Pada zaman jepang tidak dibedakan antara peranakan dan totok keduanya
dipandang sebagai orang tionghoa. Namun pada masa perang jepang juga
berperang dengan Cina sehingga perlakuan jepang sangat kejam pada orang
tionghoa. Tionghoa seperti di anak tirikan, mereka (peranakan dan totok)

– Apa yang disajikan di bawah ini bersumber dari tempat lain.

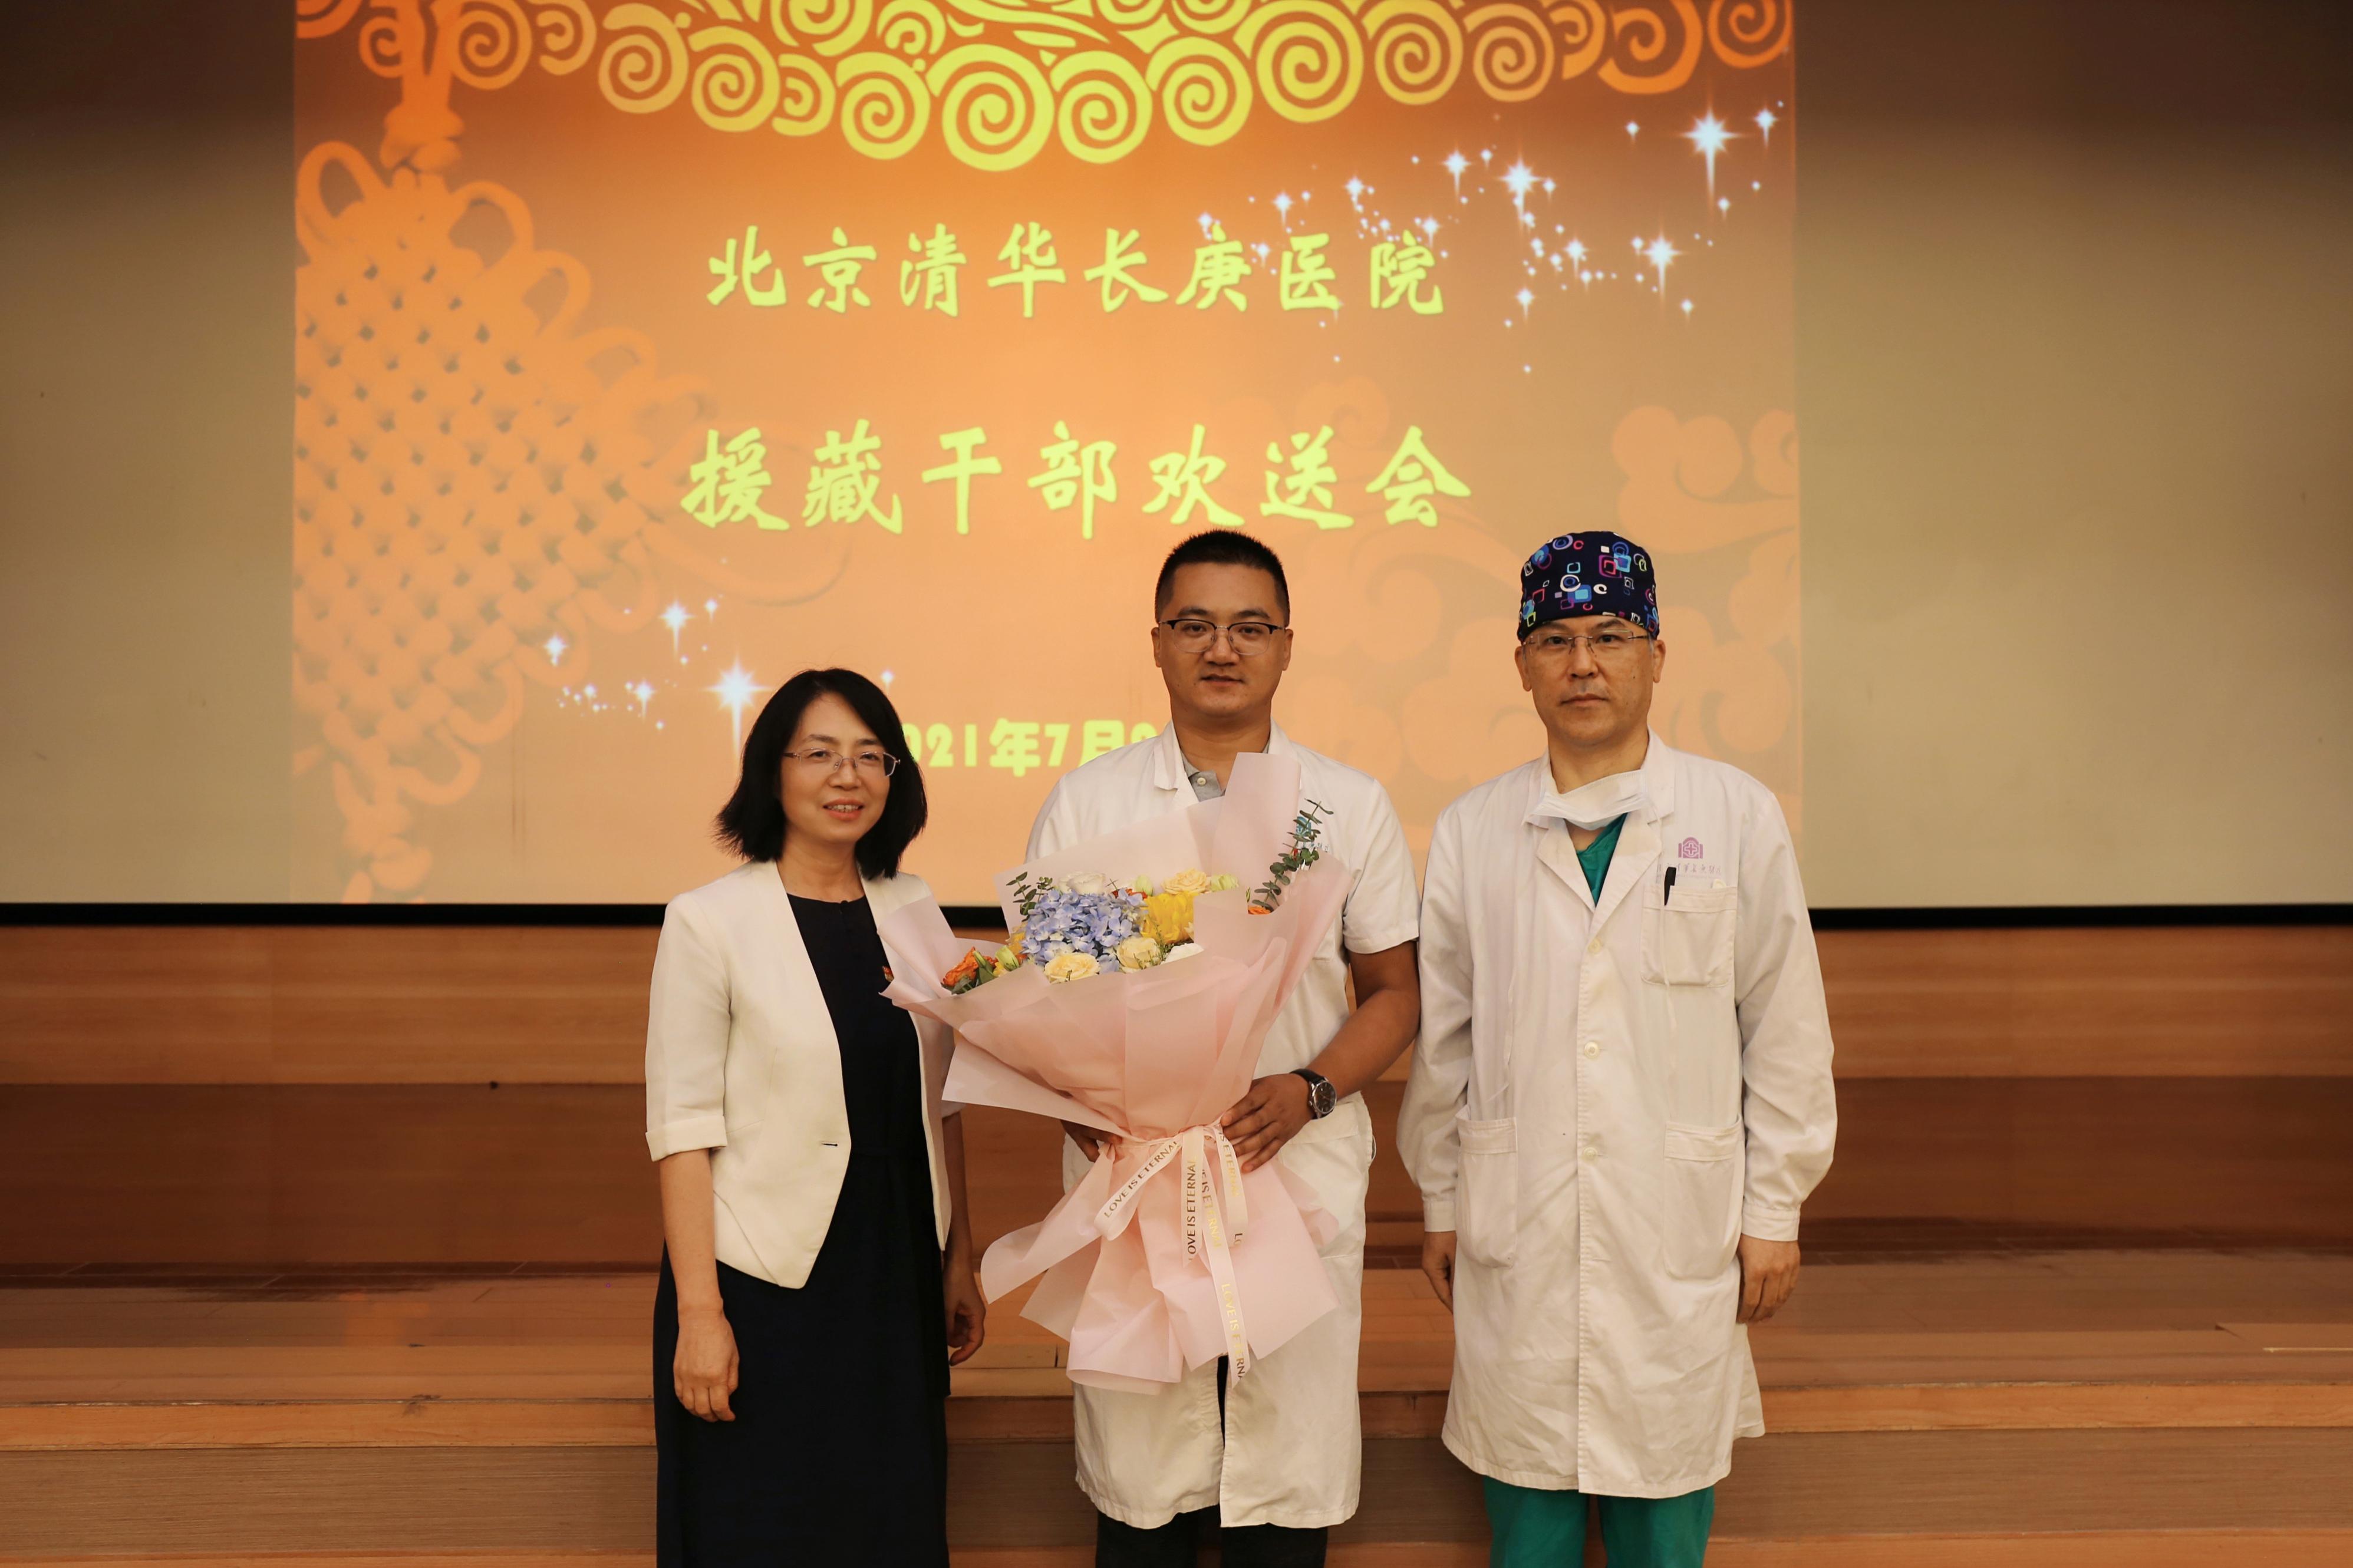 北京清华长庚医院选派医师奔赴西藏 支援医疗卫生事业发展

bersatu dengan semangat nasionalisme melawan jepang. Pada masa revolusi
dan peralihan kekuasaan indonesia perlakuan pemerintah pada mulanya
tidak melihat perbedaan antara peranakan dan totok, maka orang tionghoa
peranakan beralih ke nasionalisme Cina. Lima belas tahun lamanya 1942
sampai 1957 anak-anak peranakan yang mengikuti sekolah-sekolah Cina
makin bertambah karena perlakuan pemerintah sama buruknya pada warga
negara peranakan dan totok. Garis besar politik tahun 1957 mulai berubah
dan disadari bahwa ada perbedaan antara peranakan dan totok dan orang
tionghoa warga negara indonesia serta warga negara tionghoa asing. Setelah
G-30 S PKI semua sekolah Cinja di tutup dan diambil alih oleh pemerintah.
Dari semua tadi dapat kita lihat bahwa orang-orang tionghoa pada umumnya
berpendidikan, bagi mereka pendidikan lebih penting walaupun harus
membayar mahal, inilah yang harus disadari oleh penduduk indonesia bahwa
pendidikan itu penting. Bagi warga tionghoa yang ada di indonesia sudah
membuktikanya dan banyak diantara mereka yang sukses.
POTENSI ORANG TIONGHOA WNI DALAM PEMBANGUNAN
Dalam masa pembangunan ini kita perlu memikirkan untuk mengerahkan
segala sesuatu yang dimiliki oleh bangsa ini. Dalam kehidupan berbangsa dan
bernegara kita perlu mengerahkan suku-suku ataupun kaum minoritas dalam
melakukan pembangunan. Salah satunya yaitu dengan memaksimalkan
potensi warga tionghoa. Namun pertama kita harus menyelesaikan masalah
integrasi dari golongan itu, hal ini penting untuk menjalin adanya kerjasama.
Di Indonesia sendiri sebenarnya proses integrasi sudah berjalan namun
terbilang terlalu lambat, karena kurang pengetahuan dan toleransi terhadap
kebudayaandari suku bangsa atau golongan lain karena perasaan primordial
yang terlalu kuat. Warga Tionghoa dapat dimaksimalkan, kita sudah melihat
kehebatan mereka dalam berdagang, mereka juga pandai mengolah bahan-
baahan mentah. Tentu jikahal itu dapat dimaksimalkan kita mungkin dapat
membuka lapangan pekerjaan yang baru. Hal itu sangat bermanfaat dalam hal
pembangunan ekonomi nasional seperti sekarang ini. Keuletan dan
keteladanan dari warga Tionghoa inilah yang menjadikan mereka sukses, sifat
seperti ini yang perlu dicontoh penduduk indonesia.